No, perchè gli interessi attivi vengono imputati al 31/12, e così va fatto per la ritenuta relativa.

----------


## nellino79

> Io in contabilità mi comporto così:
> 1. Gli interessi attivi o passivi sui conti correnti bancari vengono liquidati al 31/12 di ciascun periodo amministrativo, ma la manifestazione numeraria ha luogo nel successivo periodo amministrativo. In contabilità al 31/12 registro (una volta che mi è arrivato l'estratto conto del IV trimestre): 
> D Banche c/interessi attivi da liquidare  
> D Erario c/ritenute subite
> A Interessi attivi  
> D Interessi passivi su c/c
> A Banche c/interessi passivi da liquidare 
> Gli interessi attivi sono di competenza dell'esercizio in chiusura, in quanto rappresentano la remunerazione di un investimento che è stato fatto nel periodo amministrativo che si conclude all'epoca del bilancio.
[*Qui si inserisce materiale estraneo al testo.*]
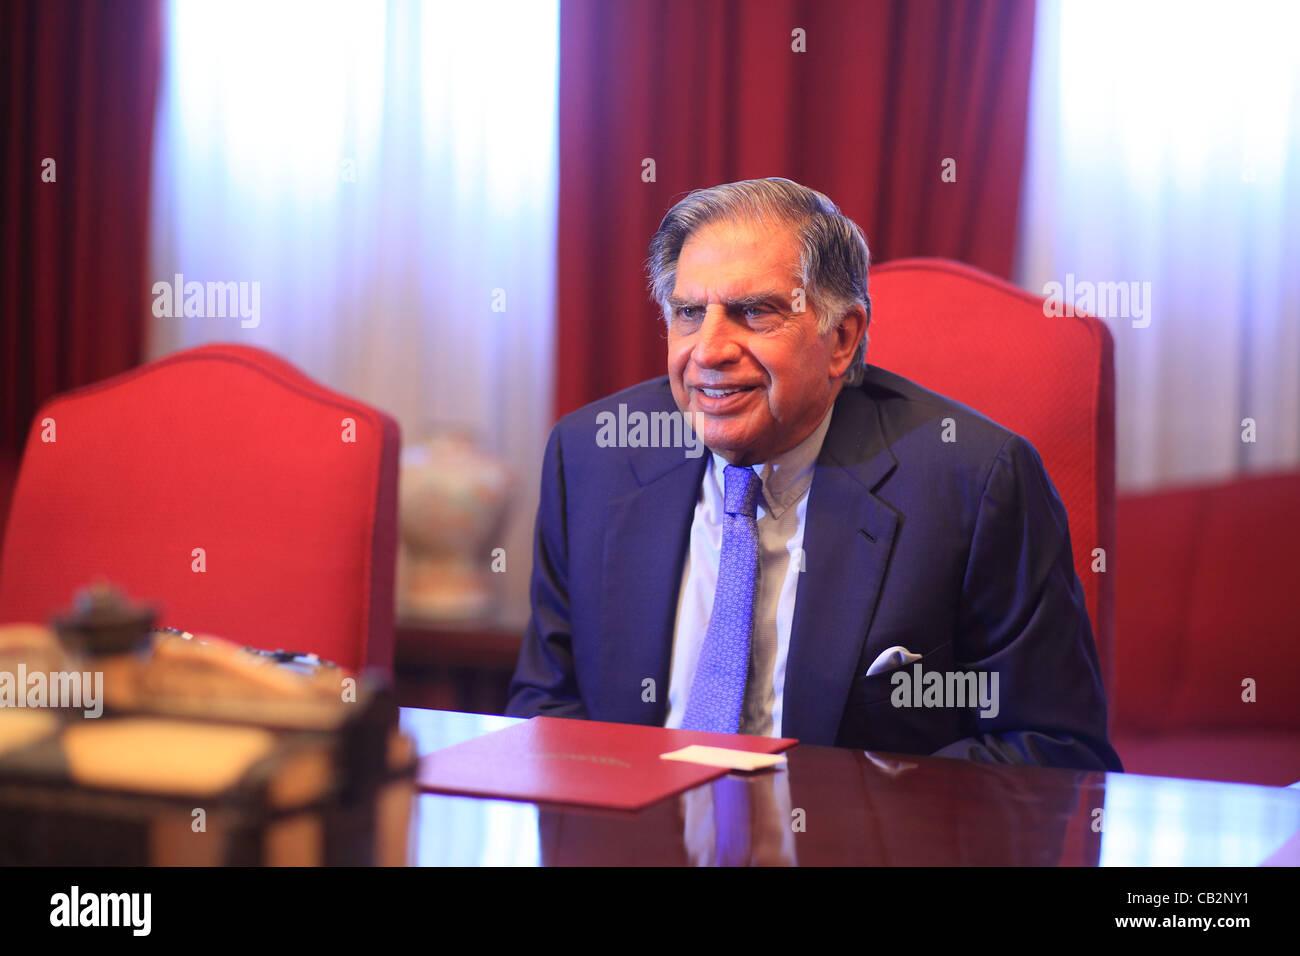 May16,2012 - Mumbai, India :   Portrait of Indian industrialist Rata Tata, chairman of the Tata empire at the Bombay House, the Tata groups headquarters in Mumbai. (Subhash Sharma) Stock Photo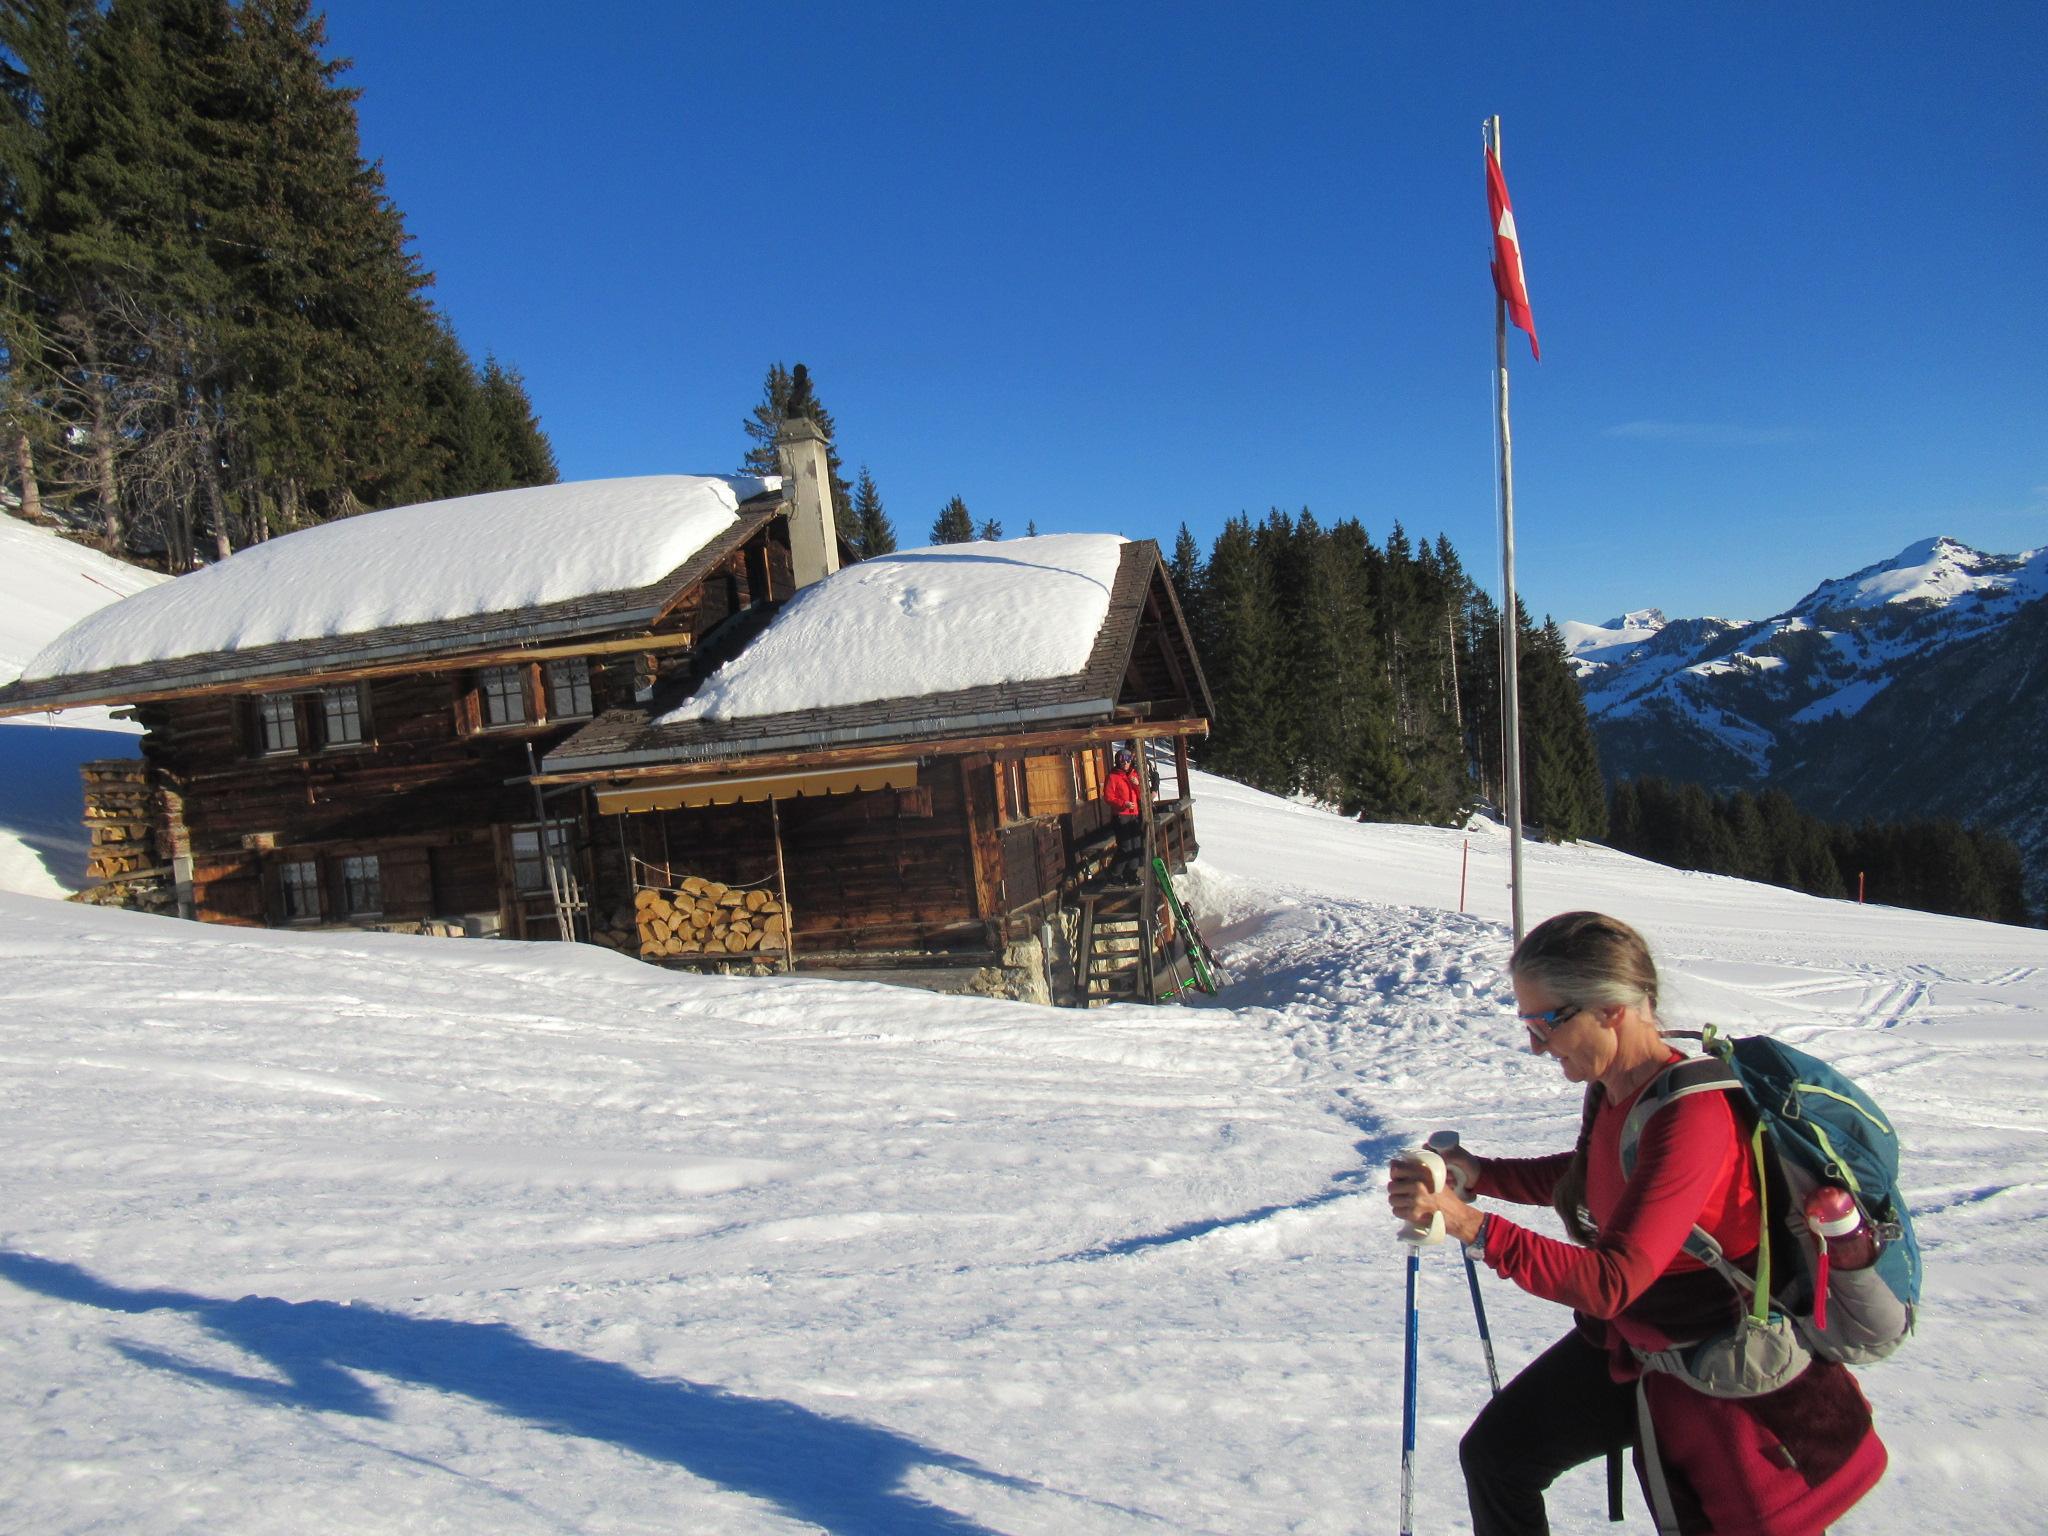 Hüttliweekend und Schneeschuhtour Amsleregrat 17.02.2019

Gli interessi passivi sono di competenza poichè rappresentano il costo di utilizzazione del fattore produttivo "capitale di credito" impiegato nel corso dell'esercizio in chiusura.
> L'anno successivo chiudo i conti transitori che ho aperto nel seguente modo: 
> ...

  perchè non fai la scrittura ratei attivi o passivi?

----------